I need to solve a matrix equation which contains a Hadamard product and a standard matrix multiplication: $$A\odot X + BX = C$$ where $A, C, X \in \mathbb{R}^{m \times n}$, $B \in \mathbb{R}^{m \times m}$, and $\odot$ denotes the element-wise (Hadamard) matrix product.
Does this sort of system have a name? I've checked the standard resources (Golub and van Loan, Horn and Johnson), but I didn't find any discussion of this type of problem.
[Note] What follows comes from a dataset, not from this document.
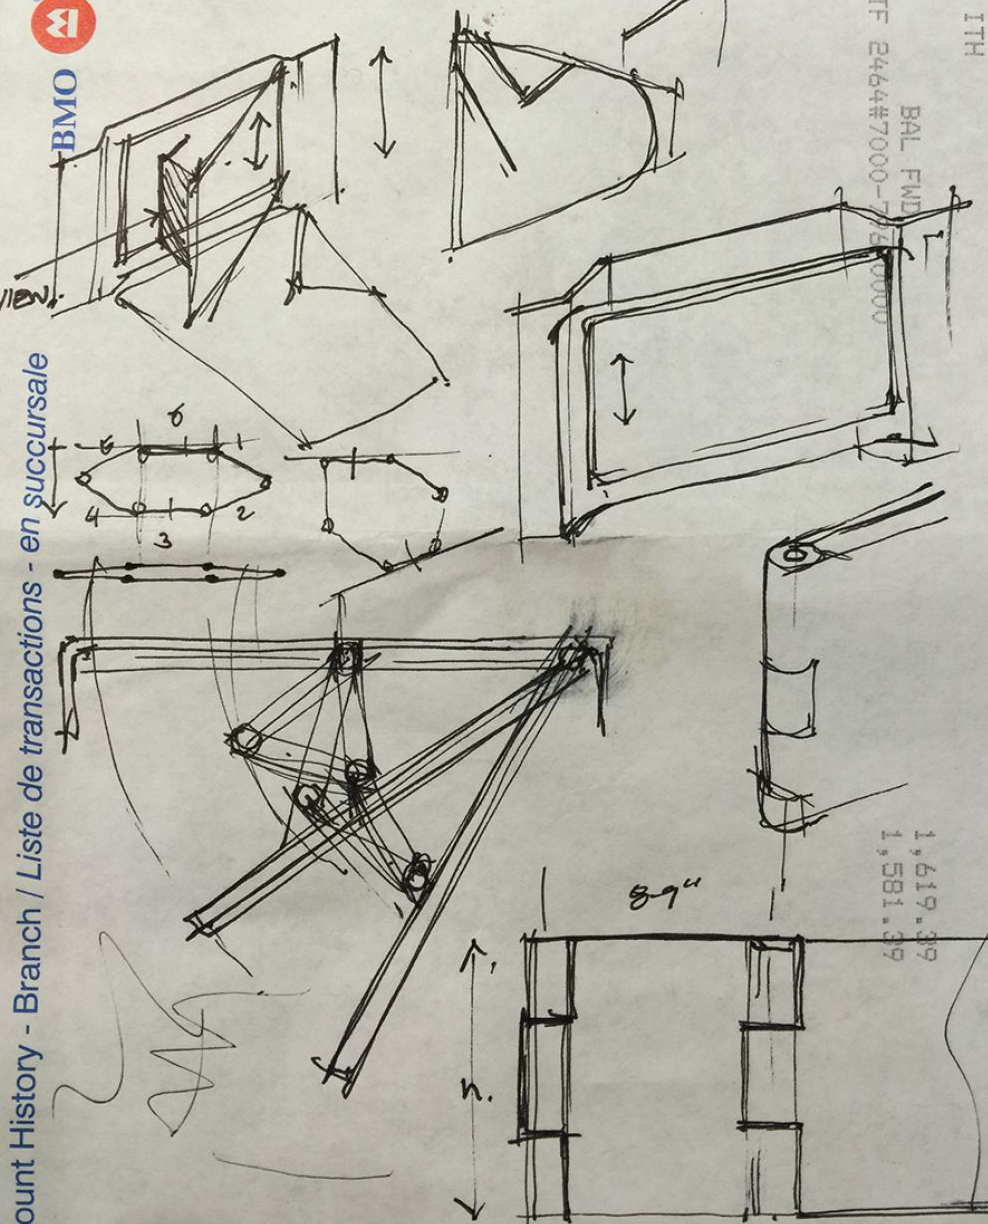  Understanding the required geometry to articulate a large monitor. 
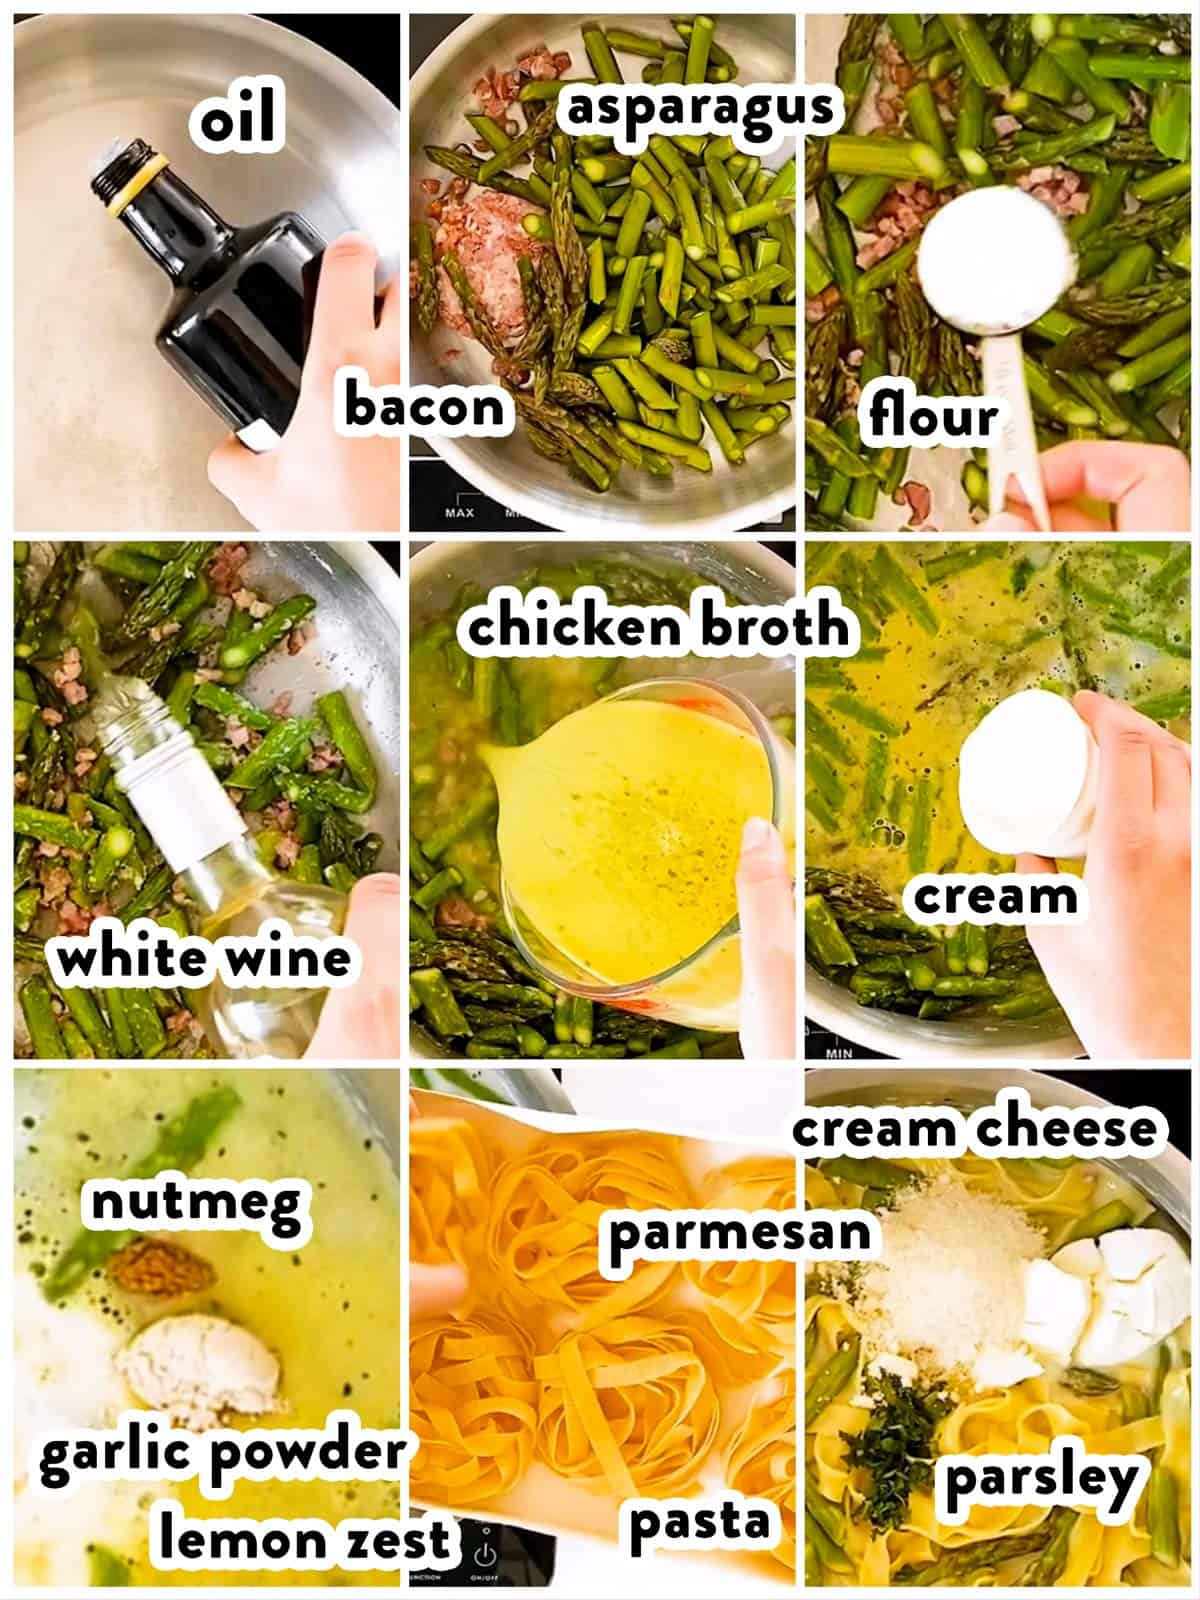 ingredients for asparagus pasta with text labels

If we let $a = \text{vec}(A)$, $x = \text{vec}(X)$, $c = \text{vec}(C)$ and $\tilde{a} = \text{diag}(a)$, then this becomes: $$a \odot x + (I \otimes B)x = \tilde{a}x + (I \otimes B)x = c$$ which has solution $$x = (\tilde{a} + (I \otimes B))^+c \implies X = \text{unvec}\left[\left(\text{diag}(\text{vec}(A)) + I\otimes B\right)^+\text{vec}(C)\right]$$ where $\otimes$ is the Kronecker product and $(\cdot)^+$ is the (Moore-Penrose) pseudo-inverse.
While it's not too expensive to use an iterative solver (since the $\tilde{a} + (I \otimes B)$ operator can be evaluated more-or-less easily), but I'd like to avoid that if possible. Is it possible to derive an analytical solution for this class of problems?